Here in the U.S., biologic data exclusivity has already been around for a few years. In fact, the U.S. introduced 12 years of biologic data exclusivity as part of the Affordable Care Act, creating a streamlined legal biosimilar pathway in the name of lowering healthcare costs. But considerable debate still exists over how necessary the monopoly is, and just how long it should be. In the lead up to twelve years of data exclusivity being introduced, the pharmaceutical industry argued that twelve-fourteen years were vital to recoup their investment, while others said 7 years were sufficient. The Federal Trade Commission (FTC) however, stated that data exclusivity was not needed at all to promote innovation, as the patent system offered biologic manufacturers sufficient economic incentive. Even President Obama’s 2013 budget proposed reducing the term to seven years.
“The TPP is locking in patent and data monopoly for pharmaceutical companies."
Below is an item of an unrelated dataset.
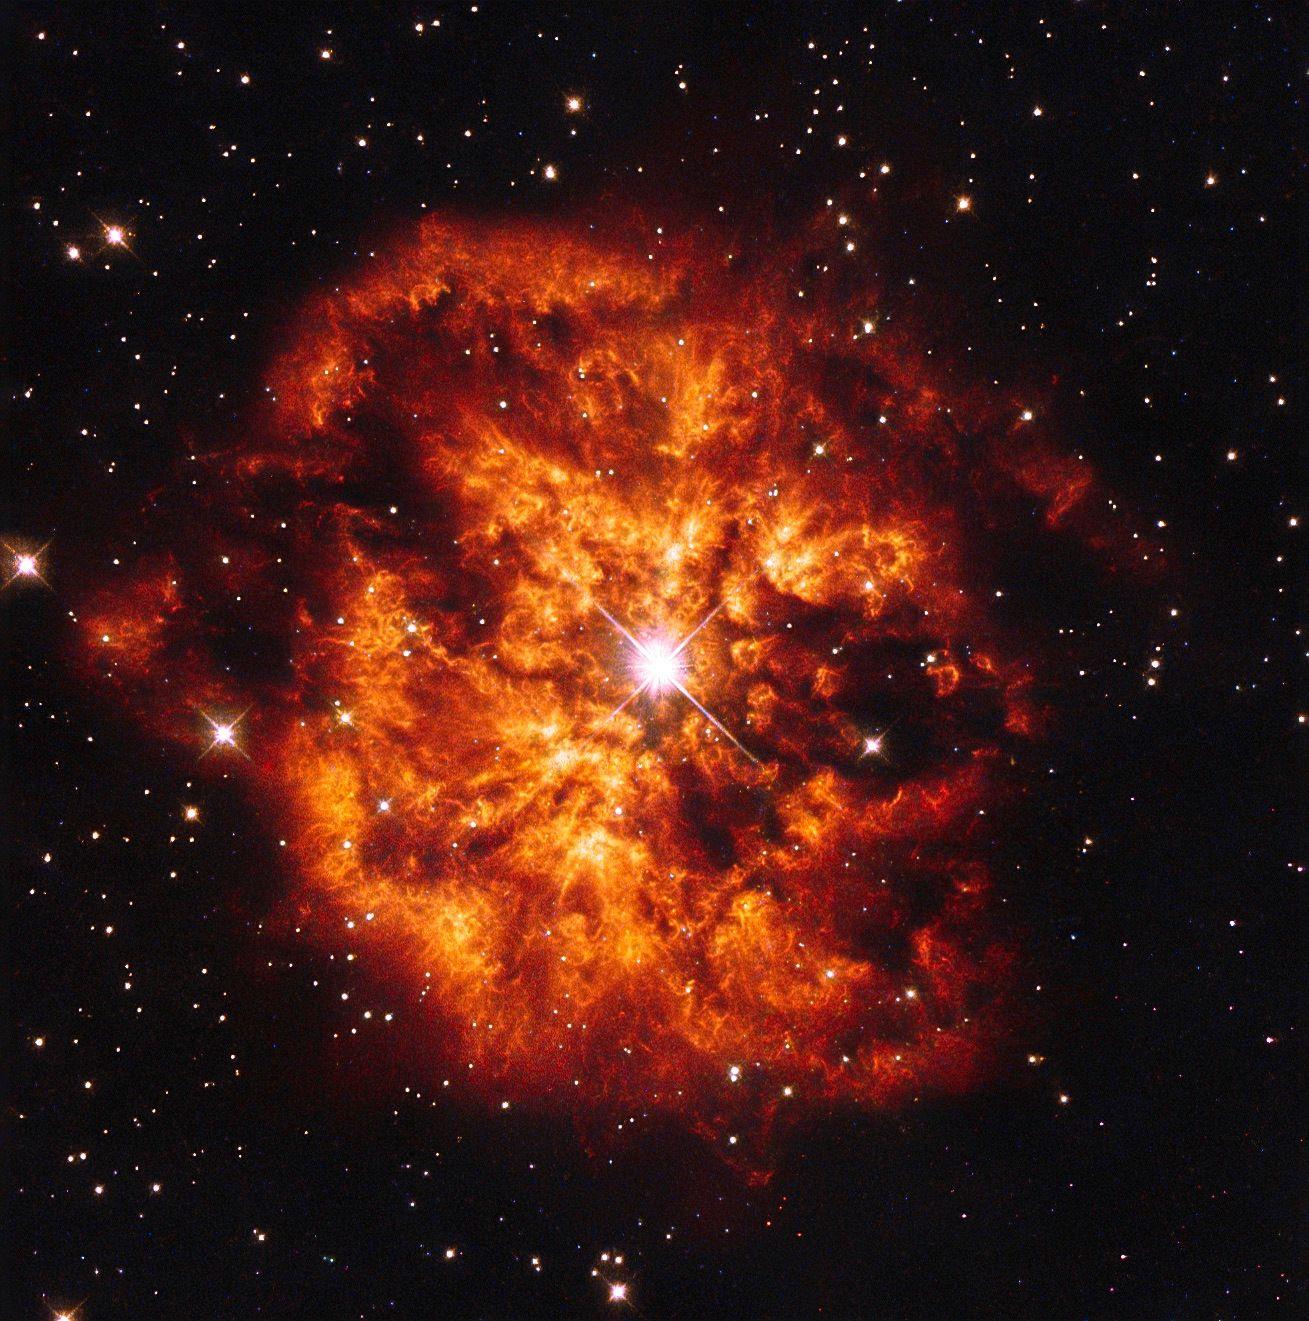 Hubble's fireball NASA/ESA Hubble Space Telescope e the central Wolf-Rayet star…

Data exclusivity might be less worrisome if the TPP clearly ensured countries had enough flexibility to get around it, when public health concerns demanded it. In the most recent leak, the deal appears to lack a clear framework to circumvent biologic data exclusivity. If a regional epidemic emerged, for example, and the manufacturer of a certain biologic drug could not create needed quantities, a government might want another manufacturer to get on-line quickly. That’s a process best achieved by relying on the original drug’s safety and efficacy data. Without a work-around, countries would just have to pay up for the expensive, non-generic brand—if one company could even manufacture enough of it— or charge another company with replicating years of expensive and unnecessary clinical testing. As Brook Baker, Professor of Law at Northeastern University told me, “The TPP is locking in patent and data monopoly for pharmaceutical companies. Full stop. Anything you could do to deal with public health emergencies like Ebola would have to be done around the edges.”
The role of intellectual property has always been to spur innovation for the public good. An internationally consistent set of patent laws and exclusivities could promote development and innovation, but only if sufficient flexibility ensures that the deal is not at the expense of public health. As Alex Brill, research fellow at the American Enterprise Institute, put it, “We want these companies and we need them to be able to innovate. Lawmakers need to better understand the balance between innovation and access. The companies that come behind them, the generics, offer a public benefit too.” If the TPP locks in greater monopolies for pharmaceutical companies at the expense of price-lowering generic medicines, it could be a bitter (and expensive) medicine to swallow.